The Phillies got hammered 15-1 by the Royals on Monday. Cy Young contender Cristopher Sanchez got lit up for nine runs on 12 hits. It was ugly. So on Tuesday night in Cincinnati, Philadelphia needed someone to stabilize the ship. Zack Wheeler did more than that. He almost sank it.
Wheeler took the mound at Great American Ball Park and delivered seven innings of near-dominant work. He gave up a solo homer to Eugenio Suarez, sure. Four hits total. No walks. And he punched out 14 Reds hitters, tying his own career best. That’s 24 strikeouts across his last two starts. Not bad for a guy who had thoracic outlet decompression surgery last September.

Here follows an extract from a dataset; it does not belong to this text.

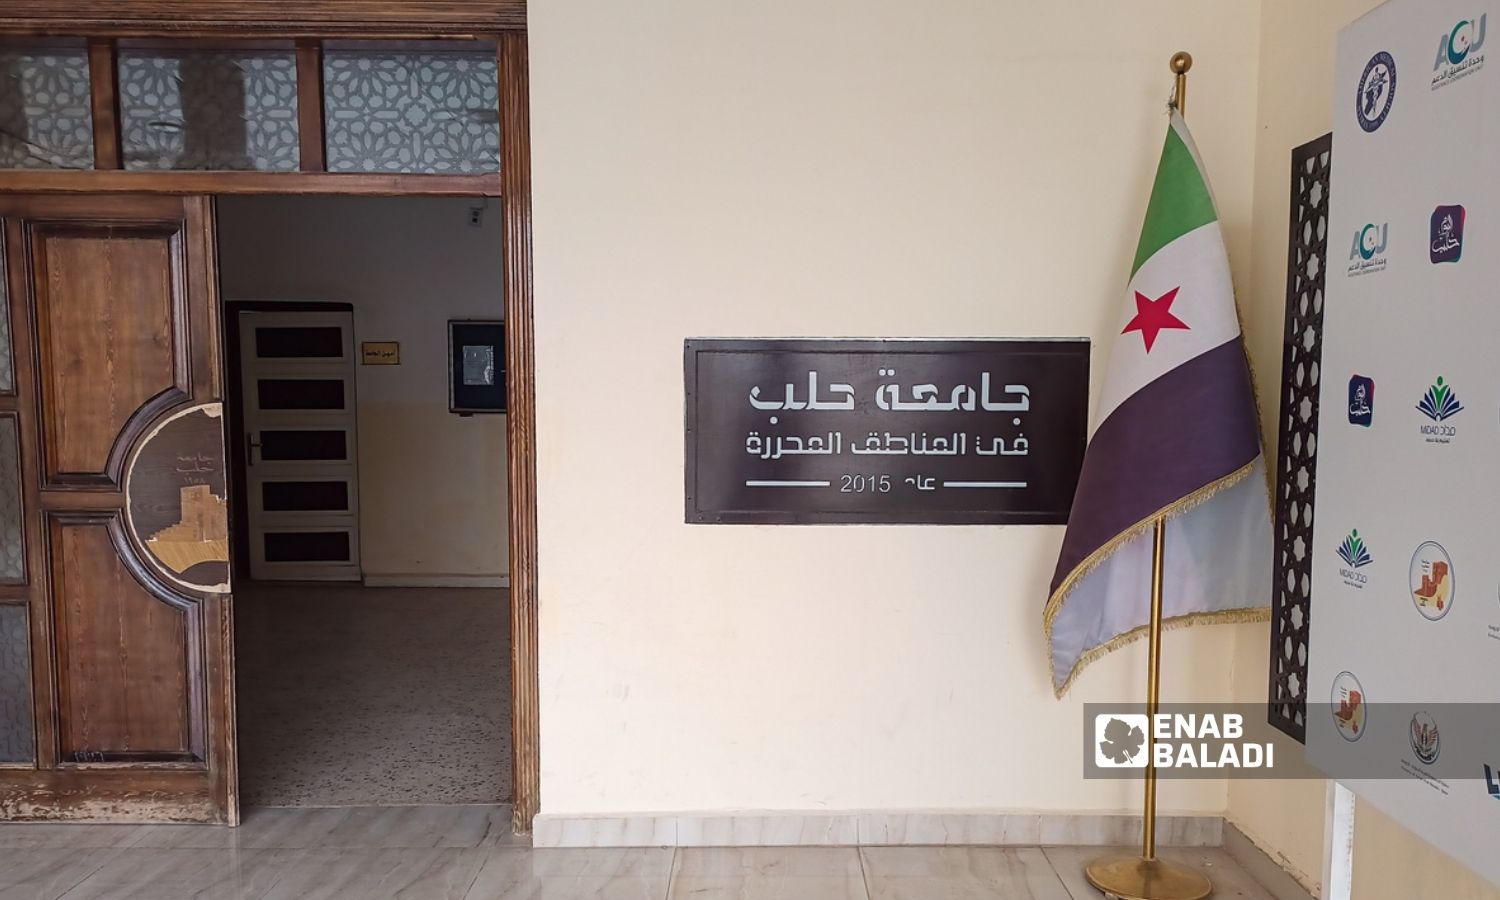 The administration entrance of the University of Aleppo in the liberated areas in Azaz city in the northern countryside of Aleppo - 29 November 2022 (Enab Baladi/Dayan Junpaz)

The right-hander lowered his ERA to a slick 2.28 after this one. He’s got 98 strikeouts through 87 innings this season. He won’t be at the All-Star Game representing the host Phillies — that honor went elsewhere — but his numbers say he belongs there.
How Wheeler Bounced Back
His last start against the Pirates was uneven. Not terrible, but not this. Tuesday night was a different animal. He had the Reds swinging at air, working fast, throwing strikes, and never really letting them breathe after the Suarez homer. The Phillies won 4-1, and it felt more lopsided than the score shows.
Wheeler is 34 now. He’s been through the surgery, the rehab, the questions about whether he’d come back the same guy. So far, the answer is yes. Maybe better. His fastball still has life. His slider is a weapon. And he’s throwing with the kind of confidence that comes from knowing you’ve already beat the hardest part.
Sanchez has been the rotation’s ace for a year and a half. Kyle Schwarber is having another MVP-caliber year. Bryce Harper looks like his old self. Jhoan Duran has a sub-1.50 ERA. Brandon Marsh is playing the best baseball of his career. But Wheeler is still the guy this team trusts when they need a stop.
He couldn’t help the Phillies last October against the Dodgers, who went on to win the World Series. He watched Game 4 slip away from the dugout and remembers the look on his teammates’ faces. That’s stuck with him. This season, he’s pitching like a man with something to prove.
Opposing hitters might want to say a prayer before facing him. He’s not slowing down.